- Exercise instructions -
Leave the pictures out. Retype exactly the lines below from the one containing "Swiss Army Swiss Army Forest EDT 100ml" through the one containing "IKAR, Vikedal kommune", and no others.

- Exercise data -
================================

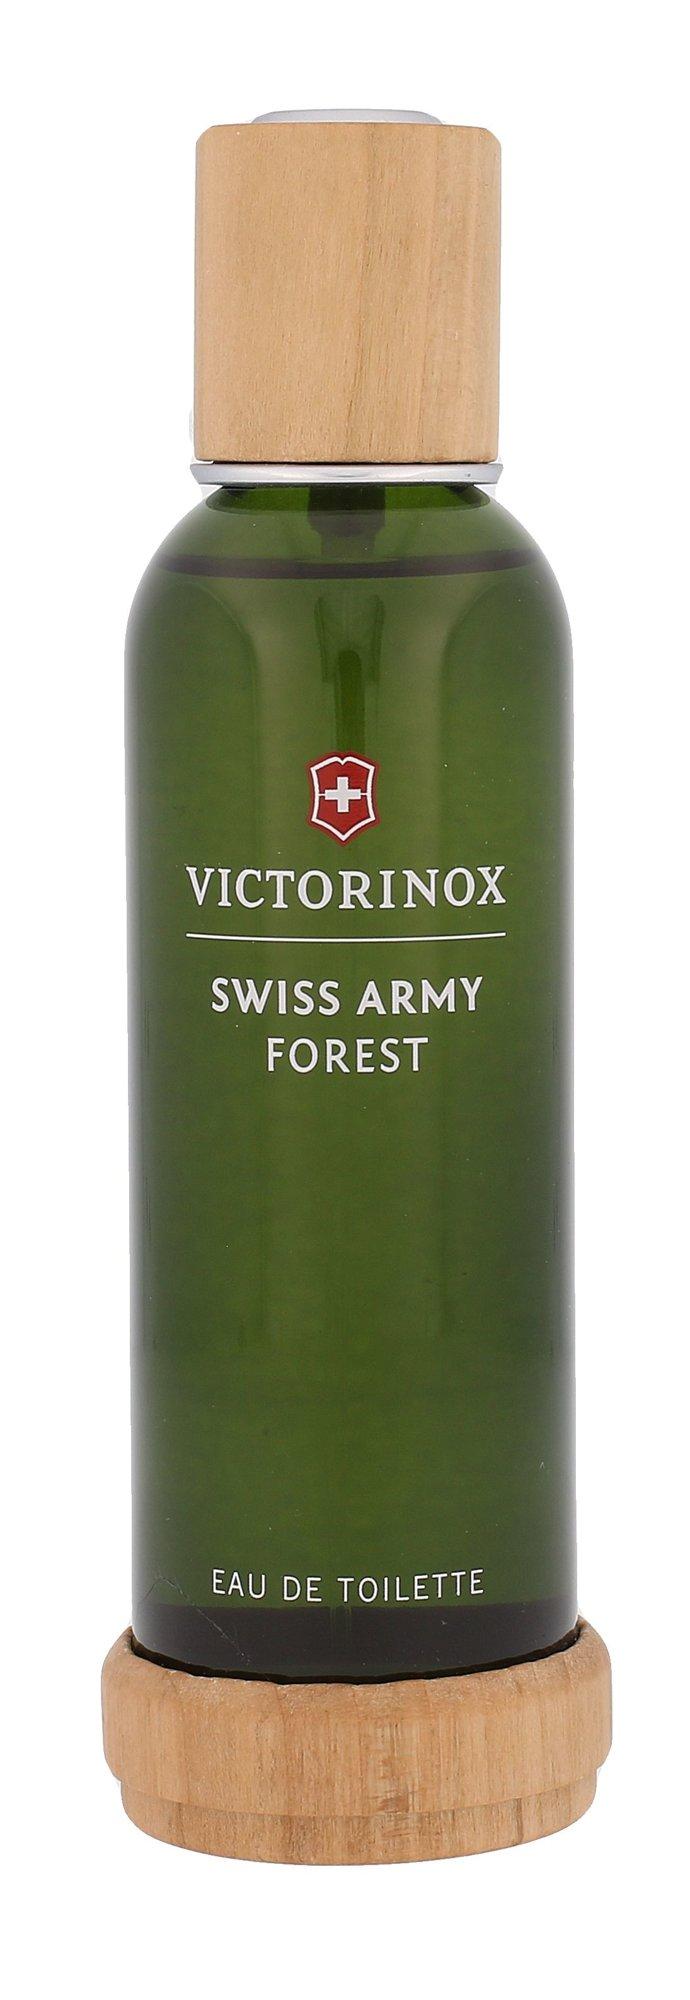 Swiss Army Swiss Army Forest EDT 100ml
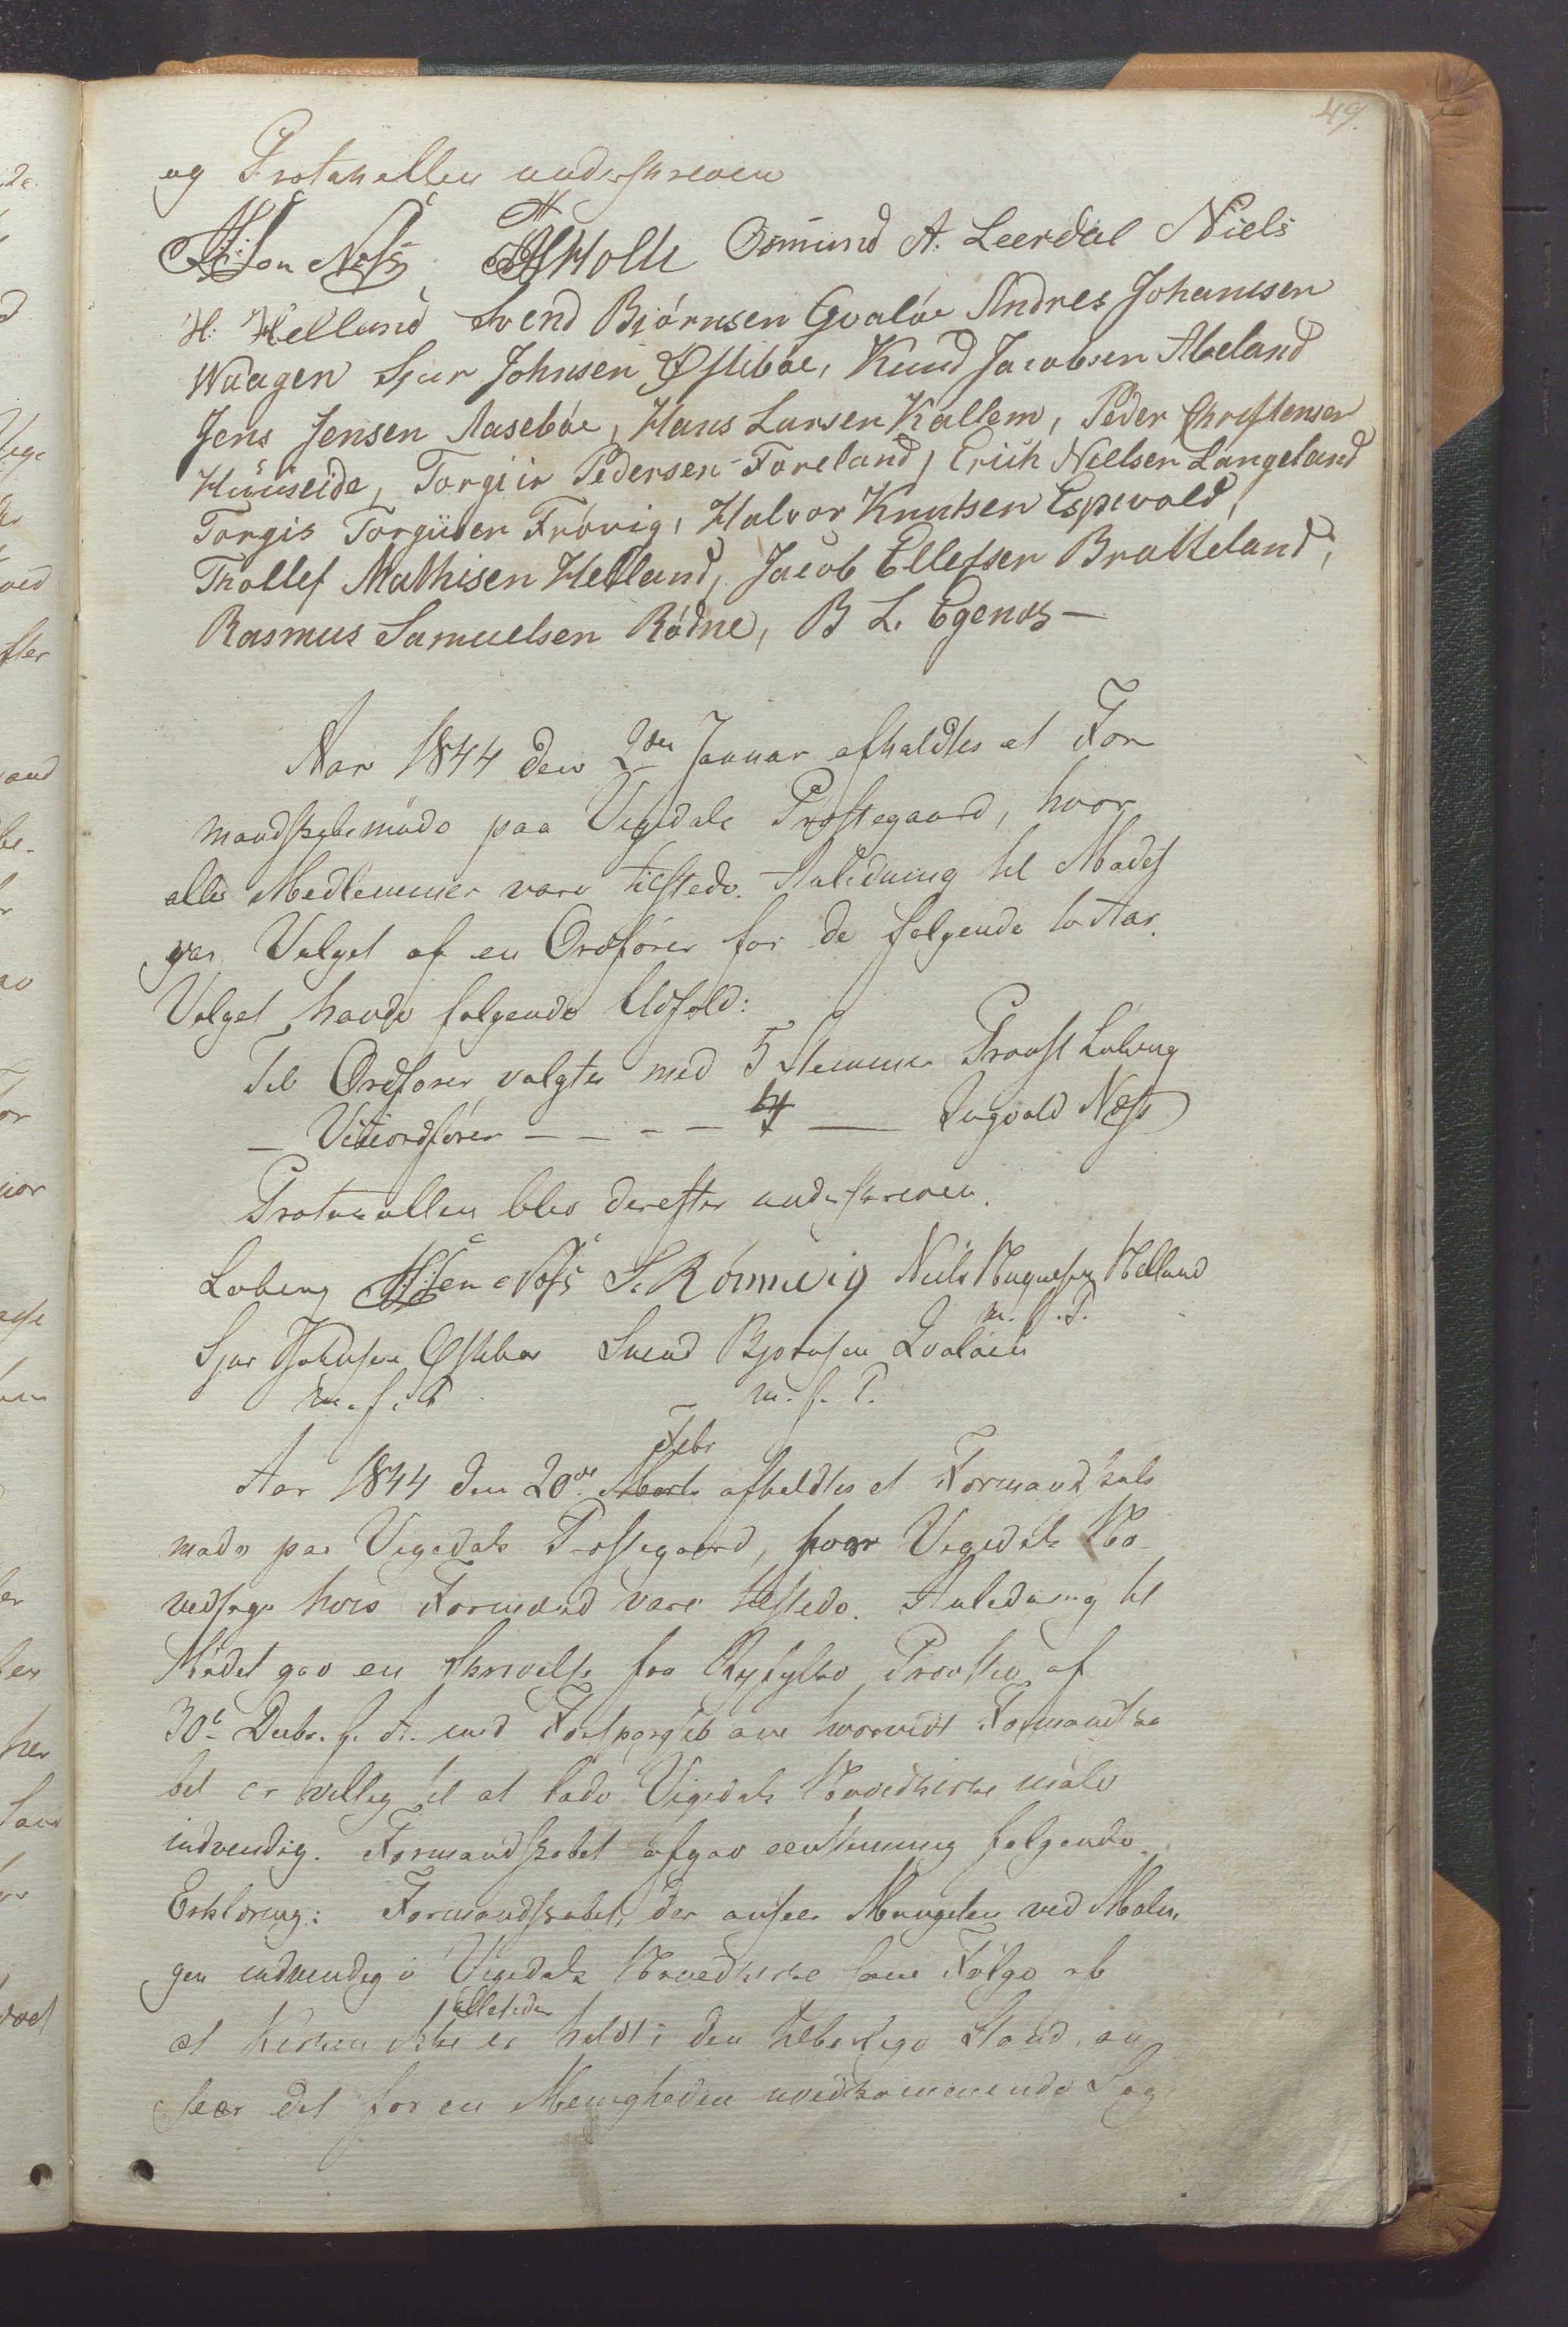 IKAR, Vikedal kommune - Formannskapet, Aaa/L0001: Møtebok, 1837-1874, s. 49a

================================

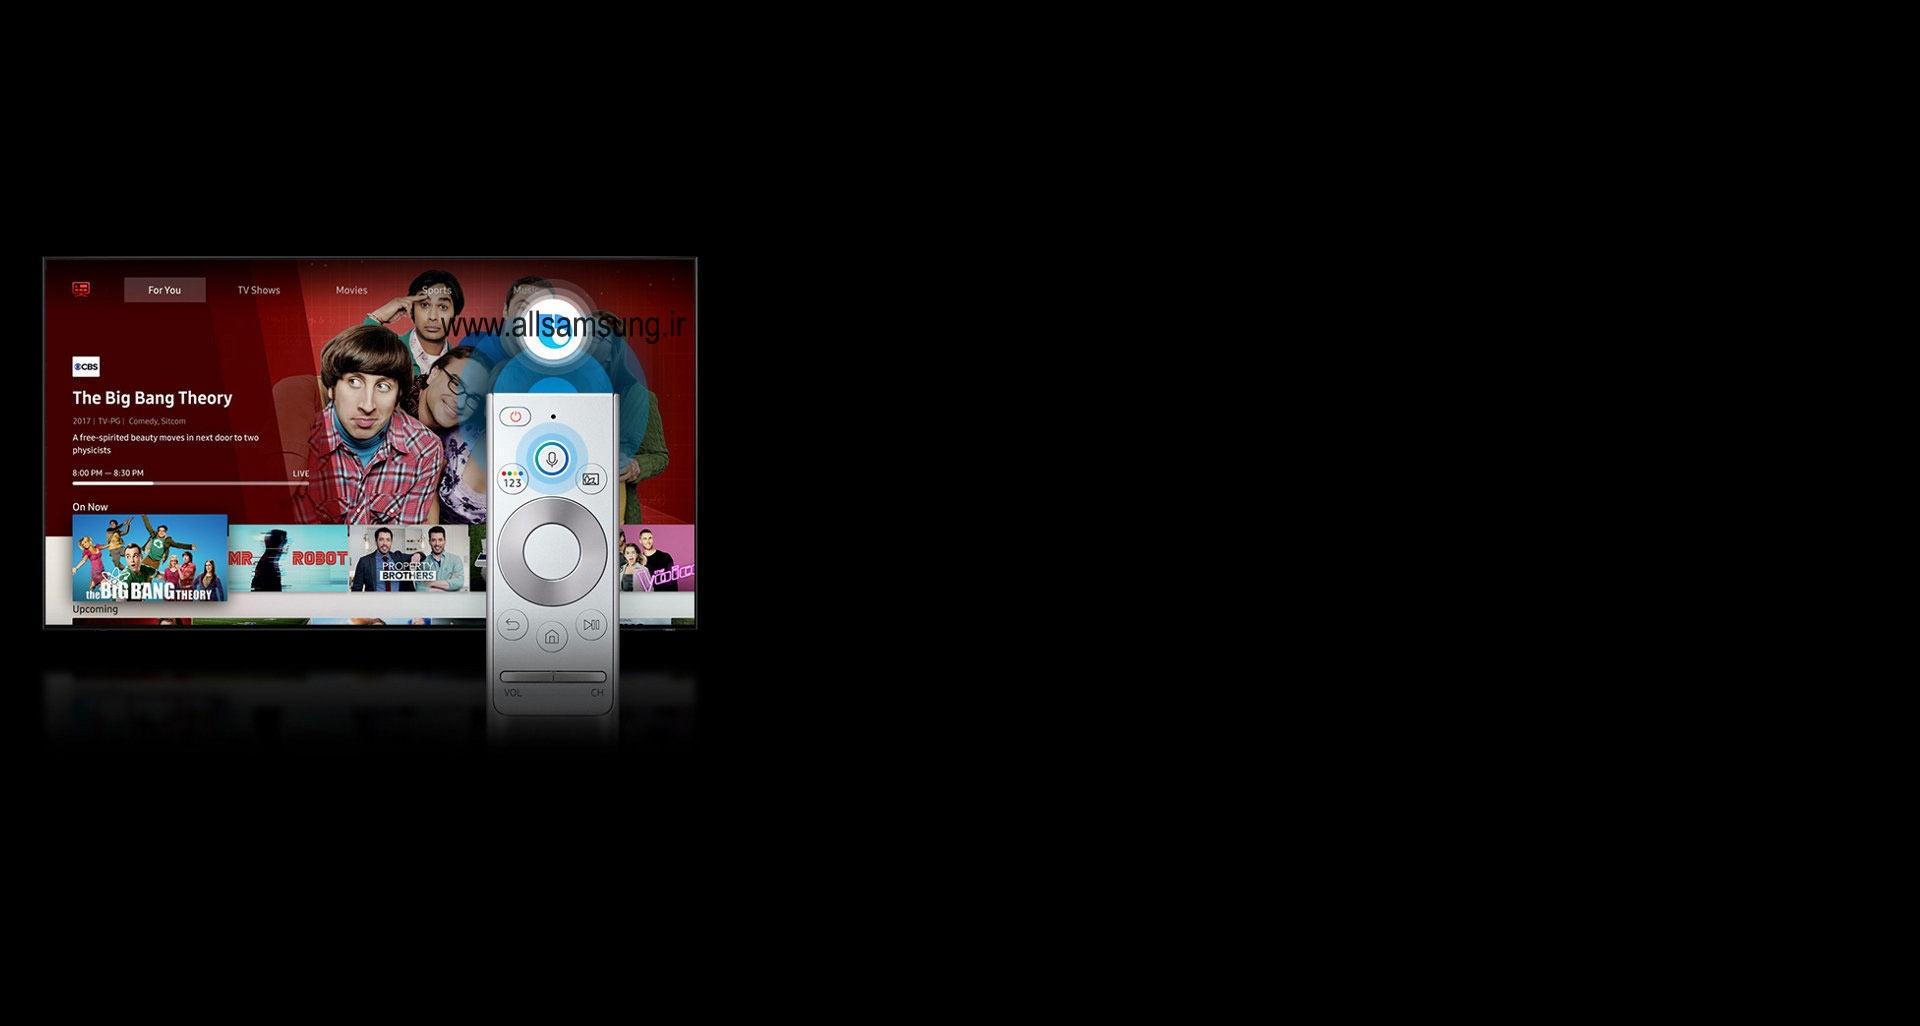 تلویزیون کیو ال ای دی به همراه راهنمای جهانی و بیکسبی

================================

- Answer for the task -
 Swiss Army Swiss Army Forest EDT 100ml
 IKAR, Vikedal kommune - Formannskapet, Aaa/L0001: Møtebok, 1837-1874, s. 49a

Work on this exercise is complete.